DATASET CONTENT:
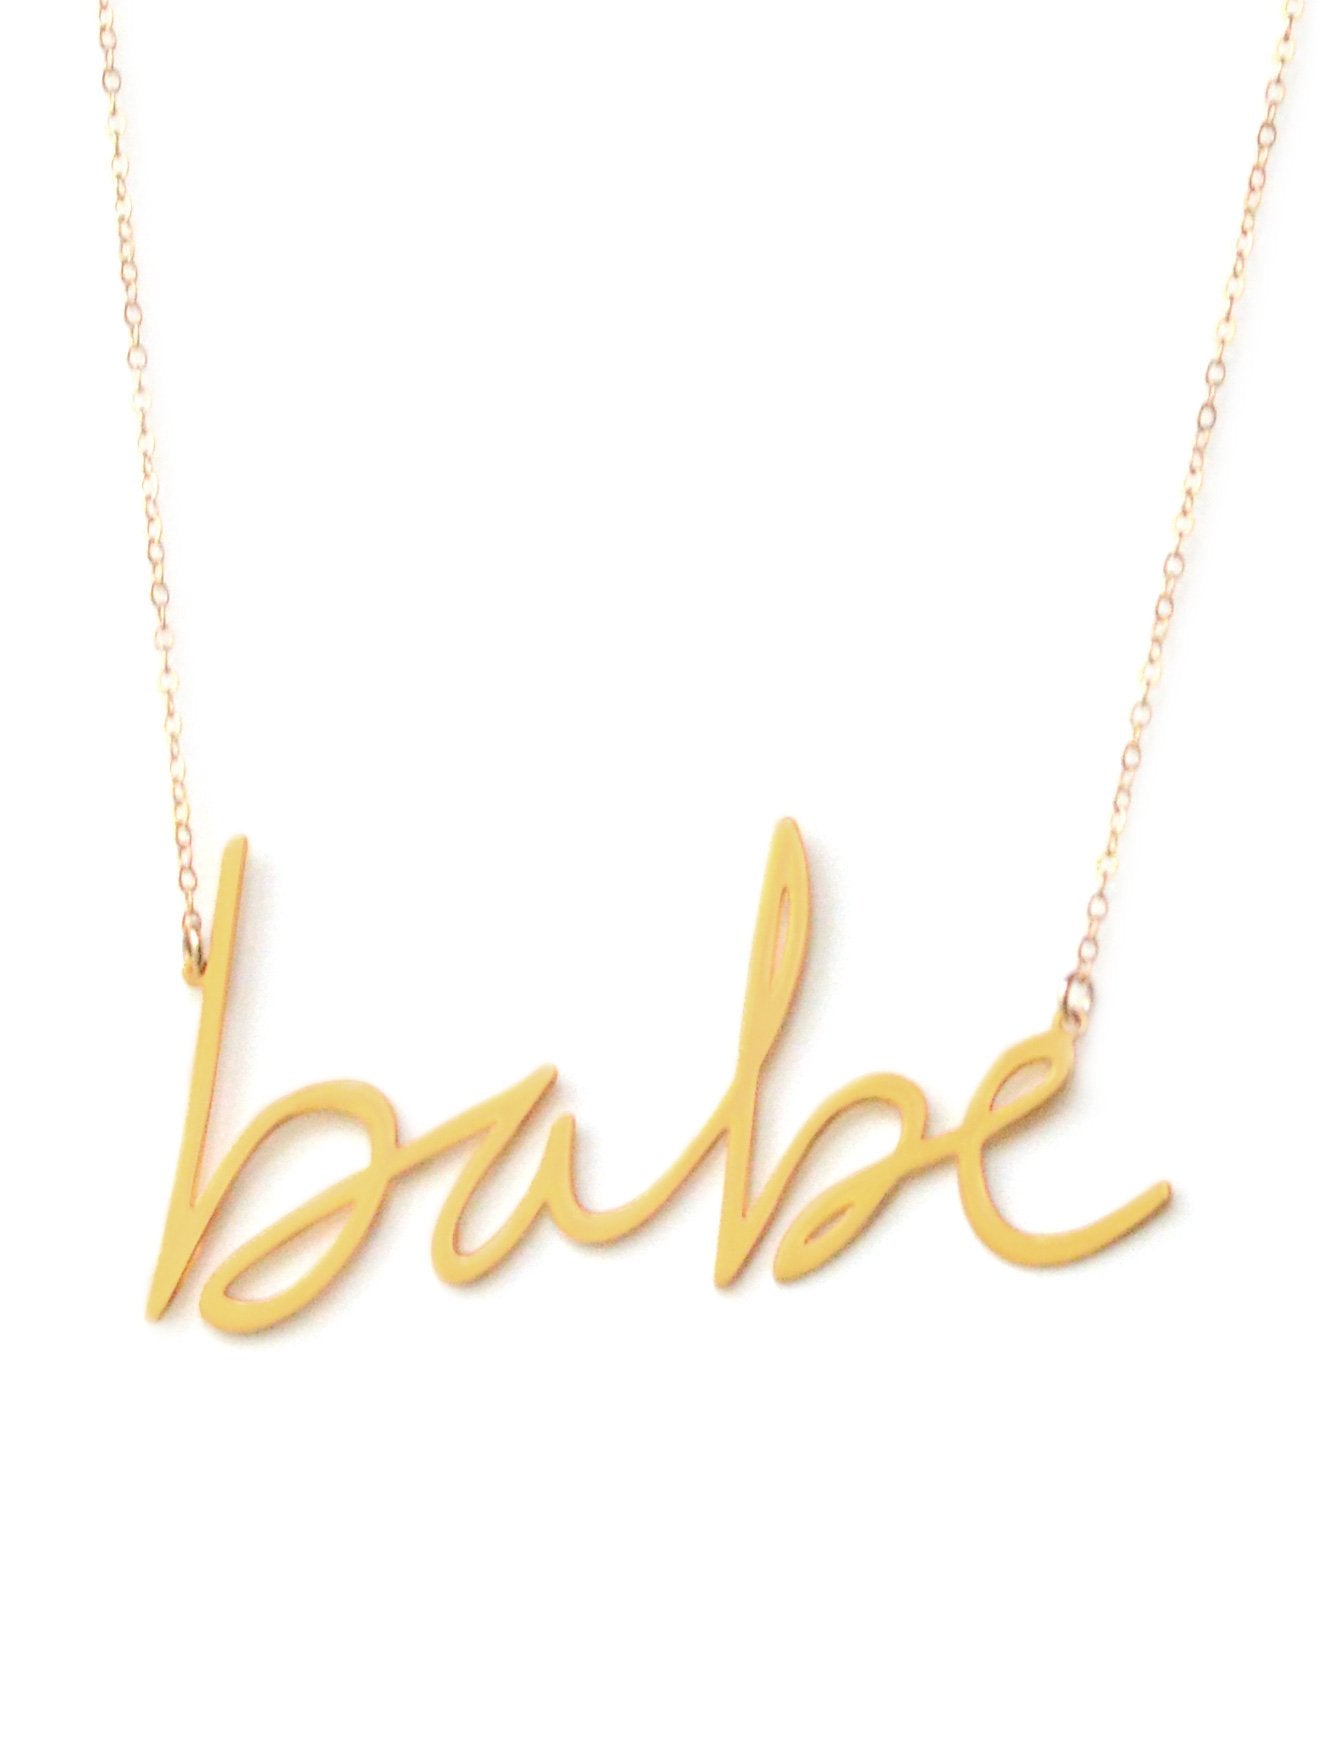 Babe Necklace - High Quality, Affordable, Hand Written, Self Love, Mantra Word Necklace - Available in Gold and Silver - Small and Large Sizes - Made in USA - Brevity Jewelry
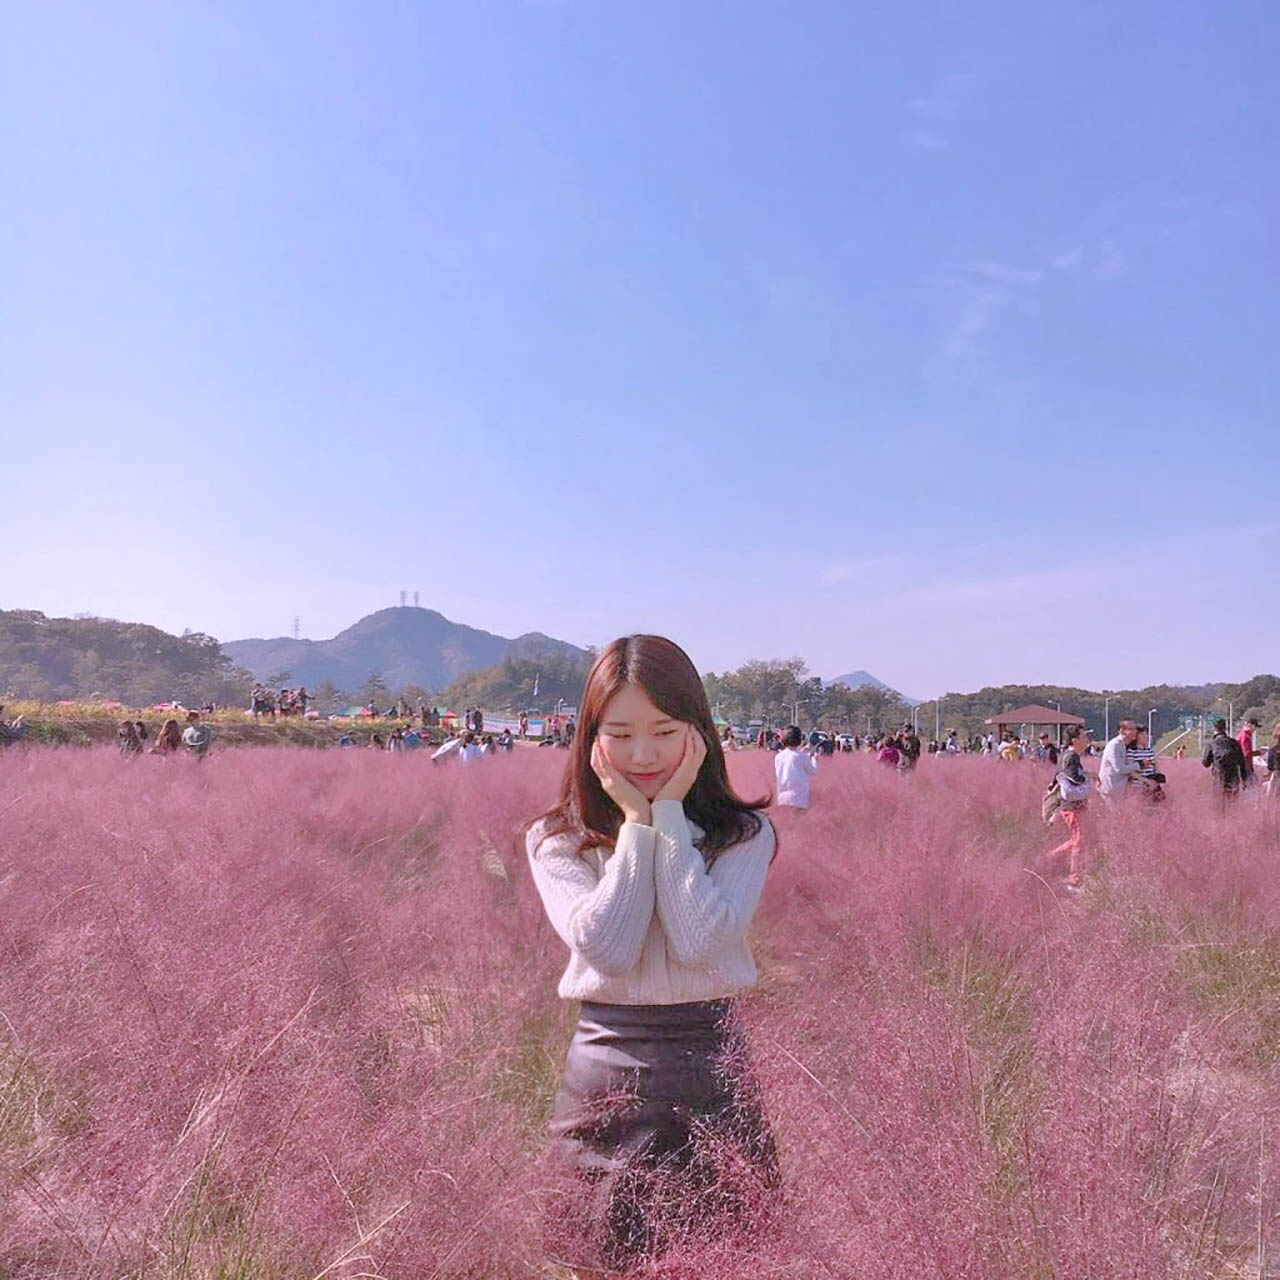 Seoul's Best Pink Muhly Spots in Autumn
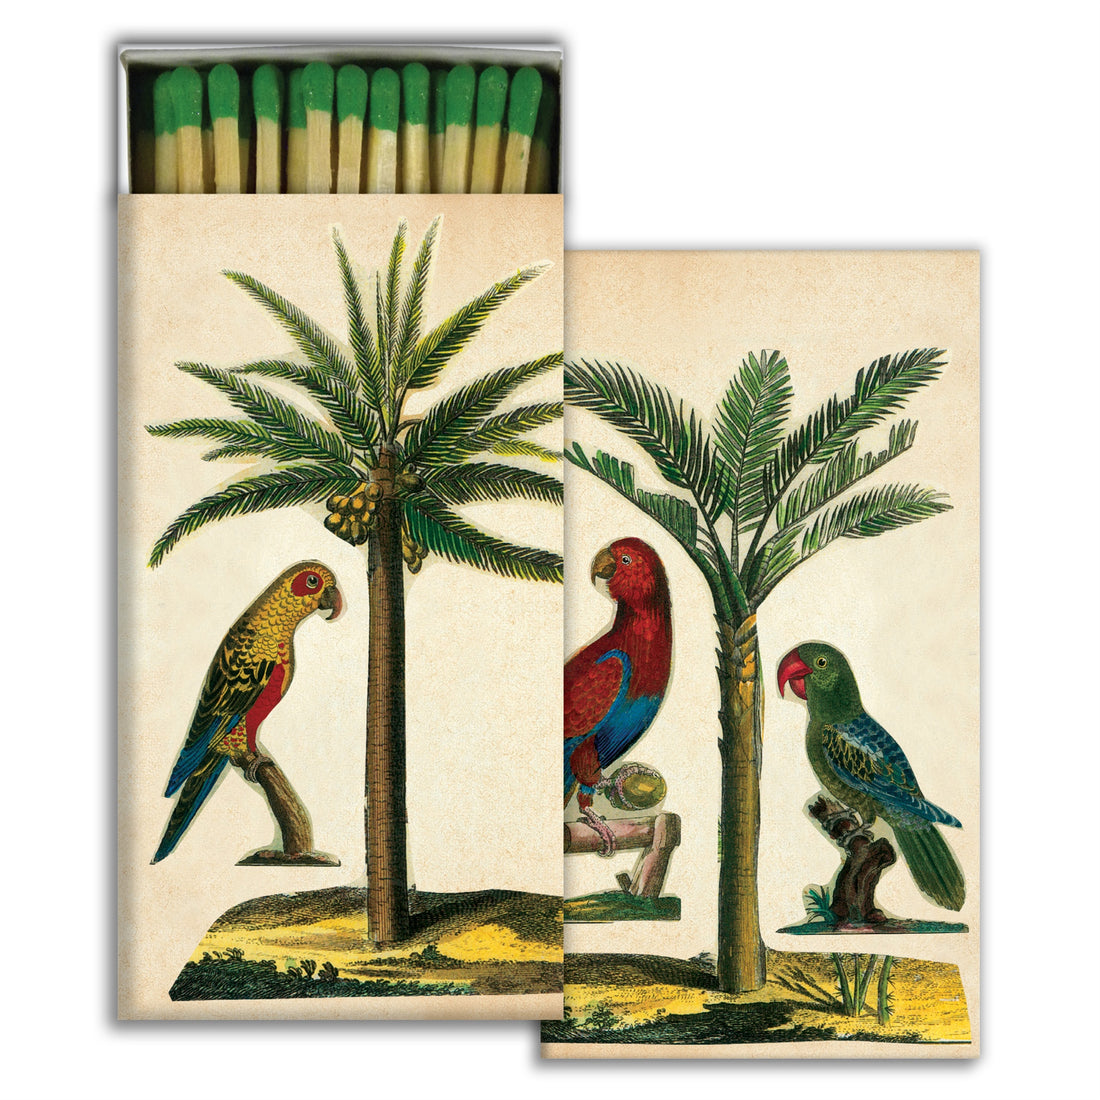 Illustrated HomArt Tropical Matches matchbox cover featuring tropical birds and palm trees.

ASSIGNED TASK:
No pictures should appear in the copy. Reproduce exactly the lines from the line containing "Seoul's Best Pink Muhly Spots in Autumn" through the last line of the data, inclusive.

SOLUTION TO THE PROBLEM:
 Seoul's Best Pink Muhly Spots in Autumn
 Illustrated HomArt Tropical Matches matchbox cover featuring tropical birds and palm trees.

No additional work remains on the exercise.